The EM-algorithm

Andreas Bogossian

The EM-algorithm

probabilistic ML

algorithms

variational inference

A deep dive into the Expectation-Maximisation algorithm: The method behind clustering, missing data, and probabilistic models.

Author

Andreas Bogossian

Published

April 14, 2026

Let’s start from a practical example. Let’s say that a teacher has their 220 students choose between a difficult exam or an easier exam. When the exam papers are collected, the teacher accidentally messes up the papers and doesn’t know which scores are from the difficult exam and which are from the easer one. Thus the teacher is left with a pile of 220 unlabelled exam scores.

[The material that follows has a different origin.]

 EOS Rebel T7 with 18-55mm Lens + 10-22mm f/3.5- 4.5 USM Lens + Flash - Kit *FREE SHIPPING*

Now what would be the best way to distinguish which exam result comes from which exam? One solution would be to just draw a line where e.g. everyone under 67 points on the exam took the more difficult exam and everyone over took the easier one. The problem with this approach is that the point distributions overlap. This means that some students achieving great points on the more difficult exam would be incorrectly labelled as the worst performing people on the easier exam.

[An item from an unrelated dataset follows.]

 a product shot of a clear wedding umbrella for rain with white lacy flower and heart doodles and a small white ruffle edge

A better approach is to fit who Gaussian models to soft label the exam scores. This way, every exam result would have a probability that would tell the teacher the chances of the point coming from each category. Now in order to soft label the exam scores, we need to know the parameters \theta for the Gaussian distributions. But to know what parameters fit the models to the data the best, we need the information about which group each data point belongs to.

The problem is that this is a “chicken-and-egg” problem, where in order to acquire one, you need the other. When you don’t know either, you can’t determine either. This deadlock can be broken by alternating between guessing the labels and updating the distributions until distributions converge. This method is called the EM-algorithm.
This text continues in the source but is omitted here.